Chromoplexy is a phenomenon defined by large-scale chromosomal chained rearrangements. A previous study observed chromoplectic events in a subset of Ewing sarcomas (ES), which was linked to an increased relapse rate. Chromoplexy analysis could potentially facilitate patient risk stratification, particularly if it could be detected with clinically applied targeted next-generation sequencing (NGS) panels. Using DELLY, a structural variant (SV) calling algorithm that is part of the MSK-IMPACT pipeline, we characterized the spectrum of SVs in EWSR1-fused round cell sarcomas, including 173 ES and 104 desmoplastic small round cell tumors (DSRCT), to detect chromoplexy and evaluate its association with clinical and genomic features.
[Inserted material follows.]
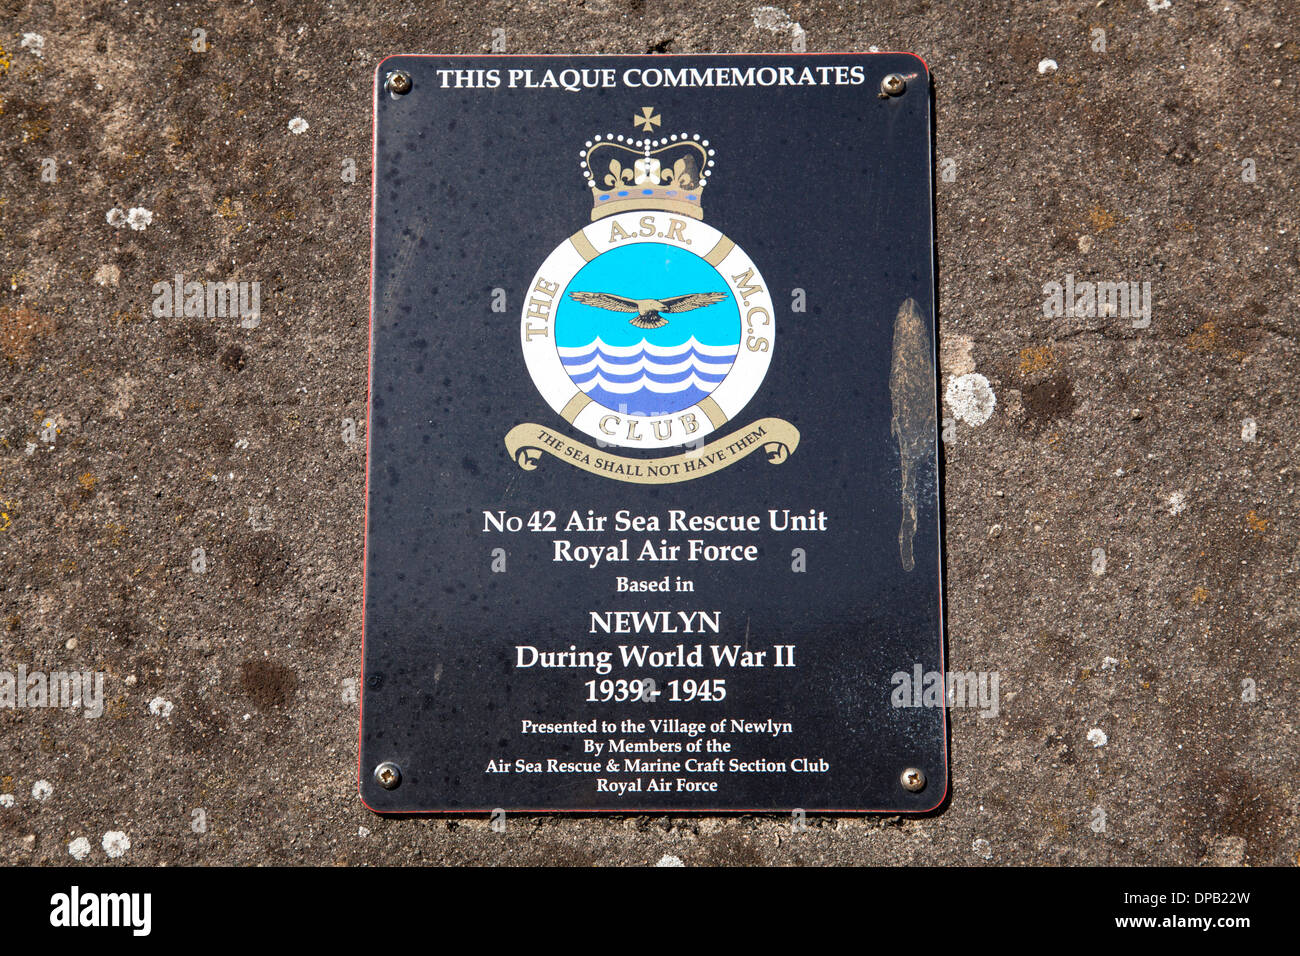 A plaque commemorating the Royal Air Force No42 Air Sea Rescue Unit based in Newlyn, Cornwall, U.K. during World War II. Stock Photo

Chromoplectic events were detected in 31% of the ES cases and 19% of the DSRCT cases. EWSR1 involvement accounted for 76% to 93% of these events, being rearranged with diverse noncanonical gene partners across the genome, involving mainly translocations but also intrachromosomal deletions and inversions. A major breakpoint cluster was located on EWSR1 exons 8–13. In a subset of cases, the SVs disrupted adjacent loci, forming deletion bridges. Longitudinal sequencing and breakpoint allele fraction analysis showed that chromoplexy is an early event that remains detectable throughout disease progression and likely develops simultaneously with the driver fusion. The presence of chromoplexy was validated in an external ES patient cohort with whole exome sequencing. Chromoplexy was significantly more likely to be present in cases that were metastatic at presentation. Together, this study identifies chromoplexy as a frequent genomic alteration in diverse EWSR1-rearranged tumors that can be captured by targeted NGS panels. Chromoplexy is detectable using targeted NGS in a substantial portion of EWSR1-rearranged round cell sarcomas as an early and persistent clonal event, expanding the genomic complexity of fusion-associated sarcomas.